I have a good grasp of all different definitions/interpretations of adjoint functors, but still do not know have to interpret the left or right adjoint of a give functor, when it exist. It would be a easy to explain my question through an example.

For a particular example consider the inclusion of groupoids into small categories: $$\mathcal{F}:\mathcal{Grpd}\hookrightarrow\mathcal{Cat}.$$ According to wikipedia, this functor has left adjoint $\mathcal{L}$ which freely invert all existing morphisms of a category. Also it has a right adjoint $\mathcal{R}$ which extract the (maximal) subcategory of all isomorphisms, called "core groupoid" of a category. In some scene this bi-adjunction align with the free-forgetful philosophy.
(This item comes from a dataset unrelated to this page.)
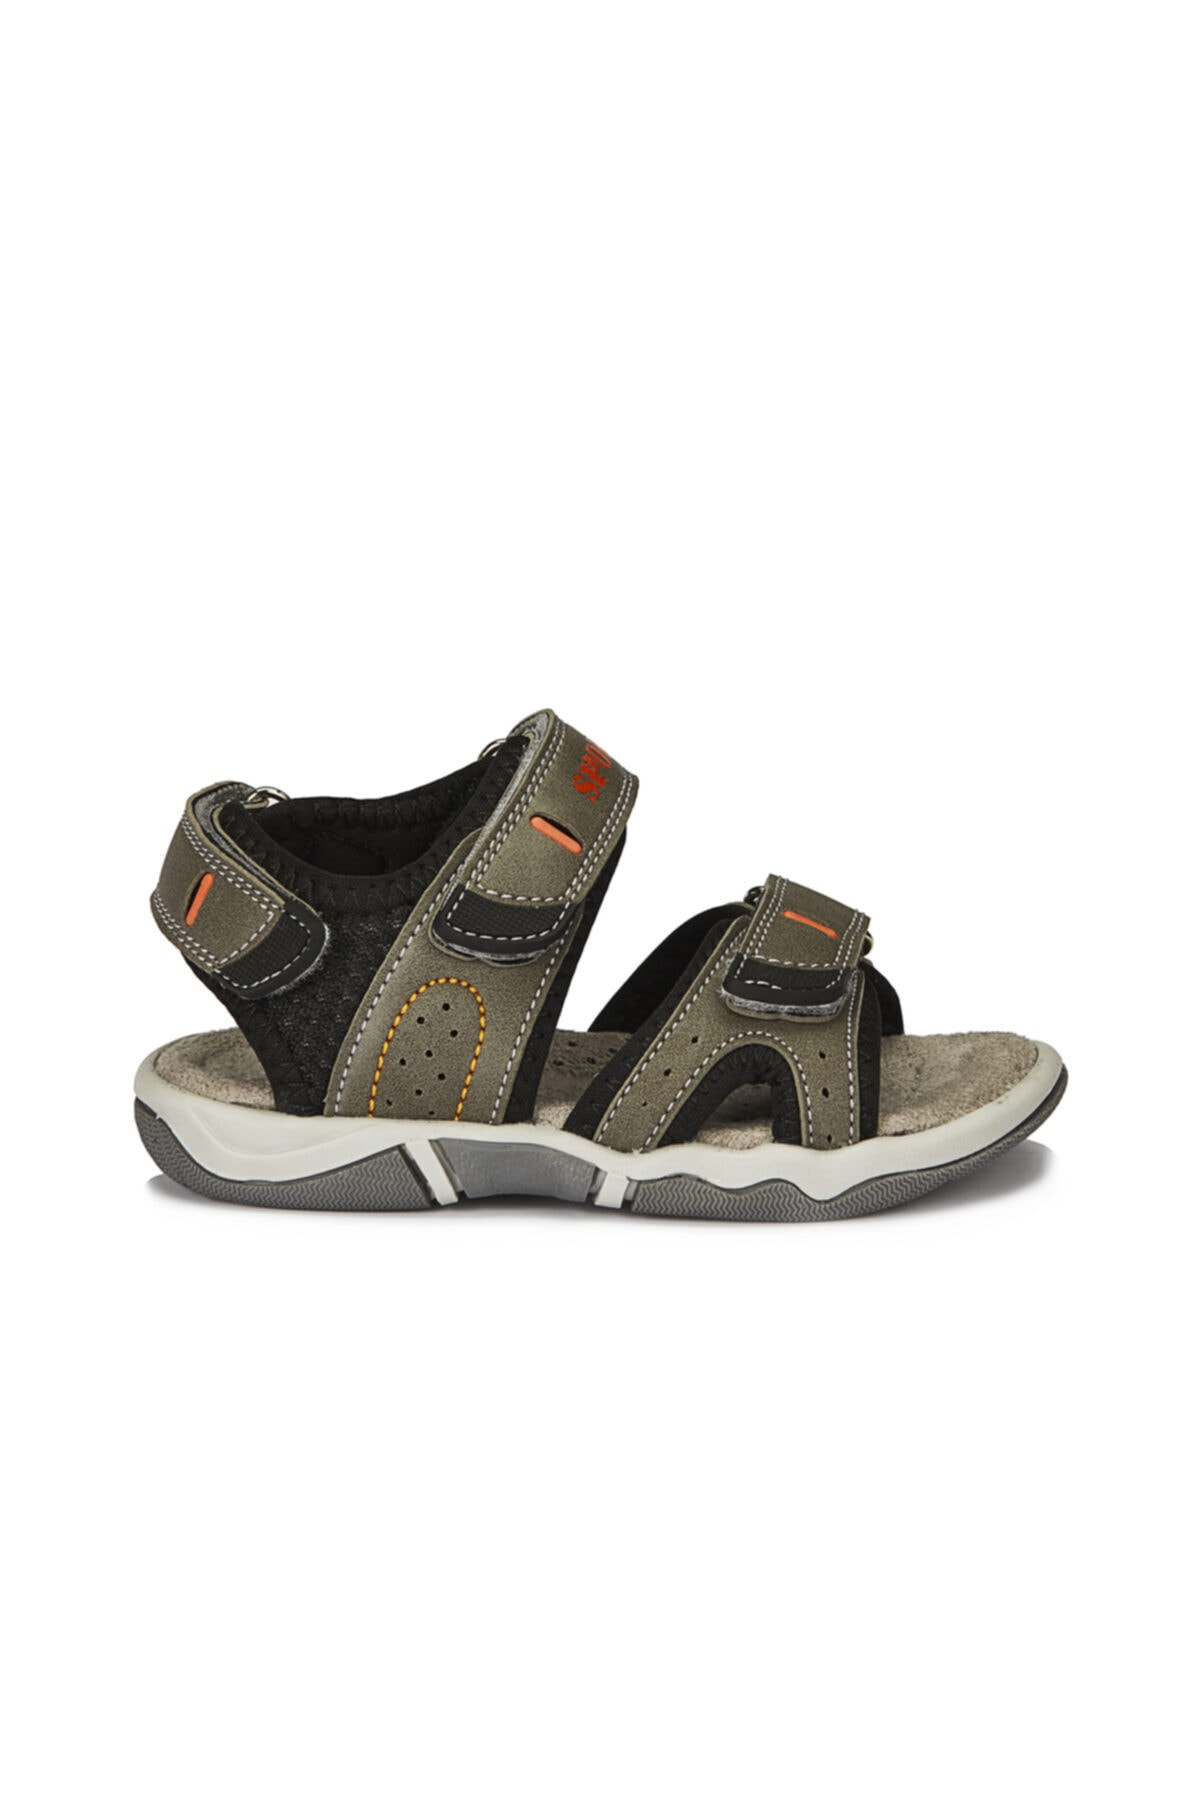 Füme Sandalet

Also we can compute these adjoint functors explicitly as pointwise Kan extensions, then $$\mathcal{L}(\mathcal{C})=\text{Ran}_{\mathcal{F}}(\text{id}_{\mathcal{Grpd}})(\mathcal{C})=\lim(\mathcal{C}\downarrow\mathcal{F}\xrightarrow{\Pi_{\mathcal{C}}}\mathcal{Grpd}\xrightarrow{\mathcal{F}}\mathcal{Cat}).$$ But I don't understand how to interpret this "(co)limit" expression as a localization process and same for the right adjoint $\mathcal{R}.$ Can we derive it from this formula? If not, how can we see it?

In general, If we know some adjoint of a given functor exist, what is the process to understand it's effect/outcome?